How can we overcome the fragmented nature of intelligence research?
Dimitri Coelho Mollo: I think that there are many things that we can do. The first and most important one is to try and improve the dialogue between the different areas of science interested in intelligence, especially cognitive psychology, animal cognition research, and AI. One of the roles of philosophy is to look for links between different fields, taking a sort of bird’s eye view of what is going on in a broader domain of science. So philosophy becomes very relevant here.
A concrete example: philosophy can try to find a characterisation of intelligence at a level that allows people studying human intelligence, people studying non-human intelligence, and people trying to build AI to see what there their fields have in common, how some difficulties and puzzles are shared between these seemingly different phenomena, and what kinds of insights they can take from other fields to apply to their own. Doing that is the core aim of my project at SCIoI.
Achieving interdisciplinarity is one of SCIoI’s goals, but it has its challenges: How can the Cluster succeed in this, and what are the main questions?

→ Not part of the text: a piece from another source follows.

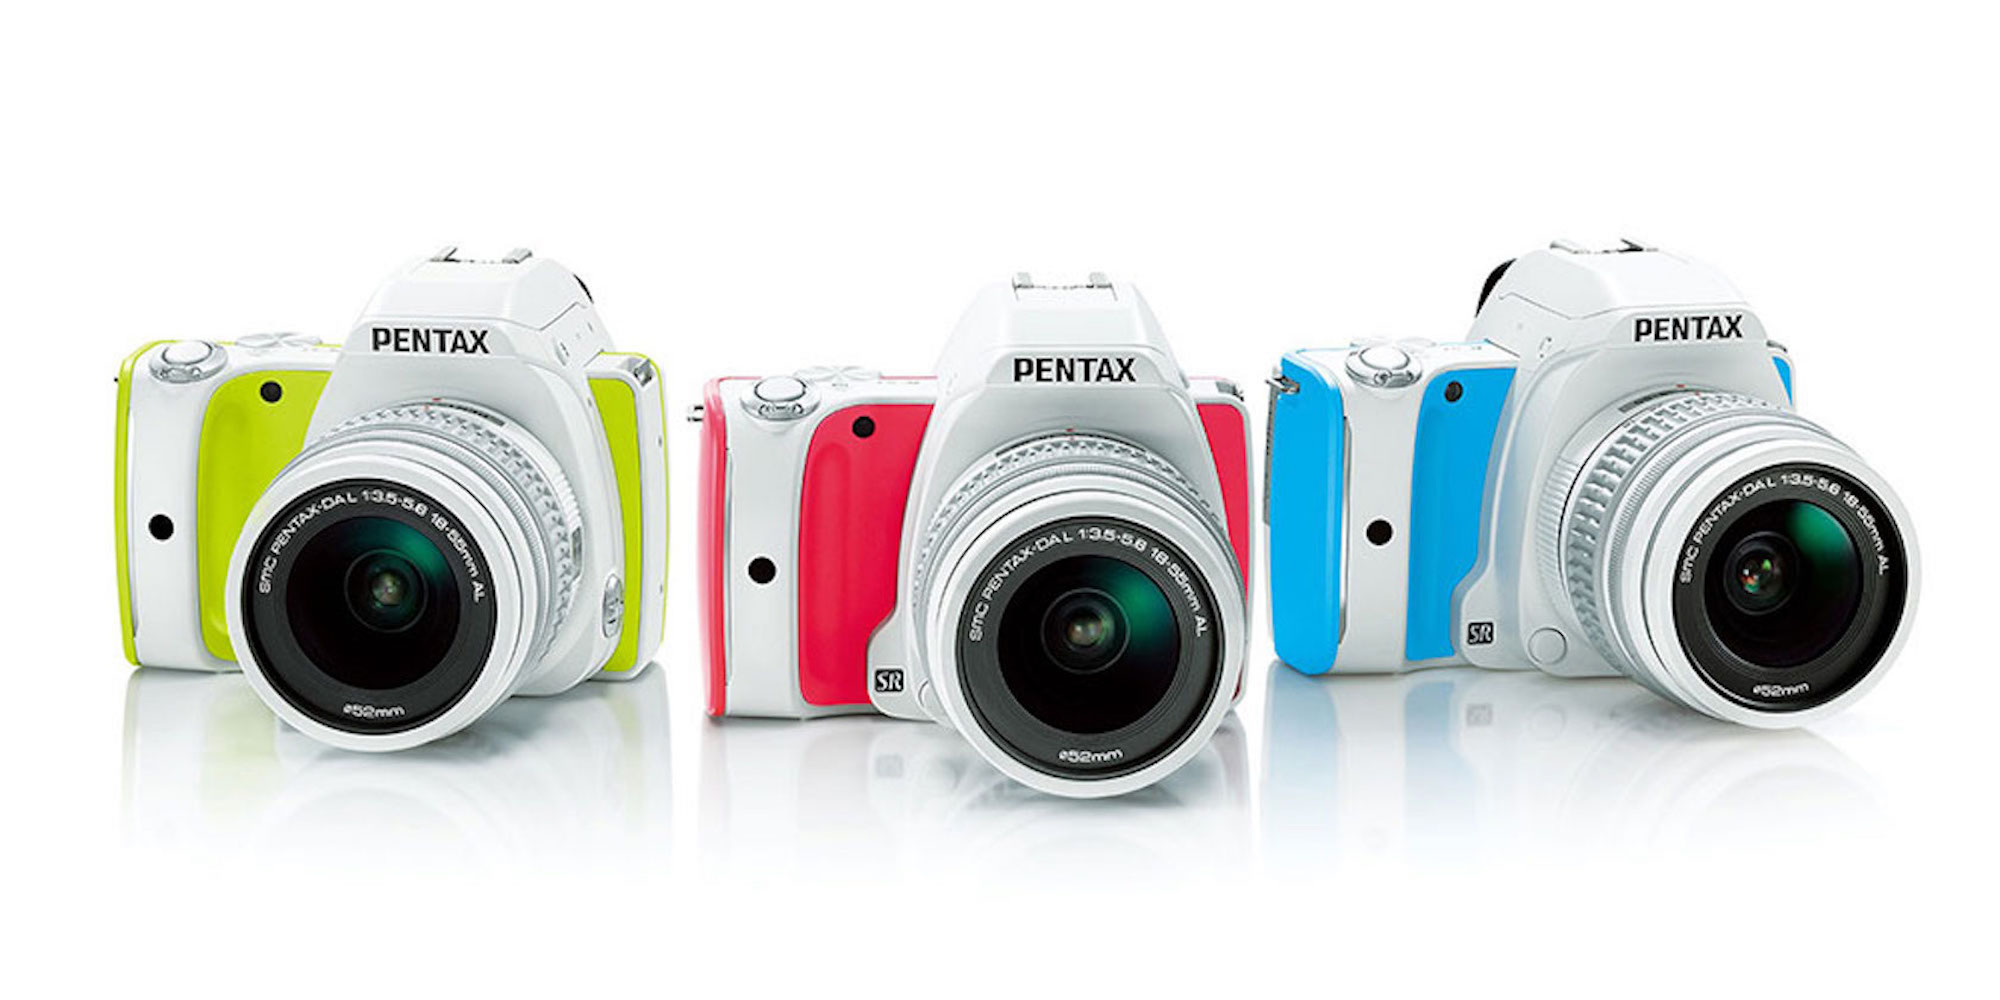 Pentax 20MP K-S1 DSLR with 18-55mm Lens + 16GB WiFi Memory Card

Tobias Drewlani: SCIoI aims for a far-reaching interdisciplinary research practice where disciplines come together to create a unified vision of intelligence. In order to make this happen, SCIoI researchers need to develop a shared language between their disciplinary understandings and findings.
SCIoI’s unique approach is to use synthetic (i.e. artificial) artifacts to explore animal behavior, and to learn from animal behavior to create intelligent behavior in synthetic artifacts. However, “translations” between analytical and synthetic disciplines often prove to be particularly challenging. For instance, can the idea  of “collective learning” be understood in the same way in behavioral biology and swarm robotics? Unfortunately, there is no script that can tell us exactly how to approach these challenges, but it is possible to collaboratively develop tools and methods that can help us navigate these situations. This is the point where my project comes into play. In my view, we can learn how to make sense of these interdisciplinary situations which are, by definition, always new and characterized by gaps. But this is what makes the context of SCIoI so interesting.
Science of Intelligence put forward a provisional definition of intelligence back in 2019. Is this definition evolving, or is it bound to evolve in the next few years?
Dimitri Coelho Mollo: I think that it is unlikely that anything like a definition of intelligence, in the strong sense, will be possible. If you think about it, we don’t have agreed-upon strict definitions for many scientific concepts, especially in the so-called special sciences (that is, sciences that are not fundamental physics, or math, if you think that mathematics is a science). What we do have are more or less justified, more or less explanatorily powerful, more or less abstract concepts, which are in continuous development and that vary in their fruitfulness depending on the use they are put to. I think that the provisional characterisation of intelligence provided by SCIoI is a good starting point, but it will naturally evolve in light of future philosophical and empirical work. In my project, we try to make some progress on this.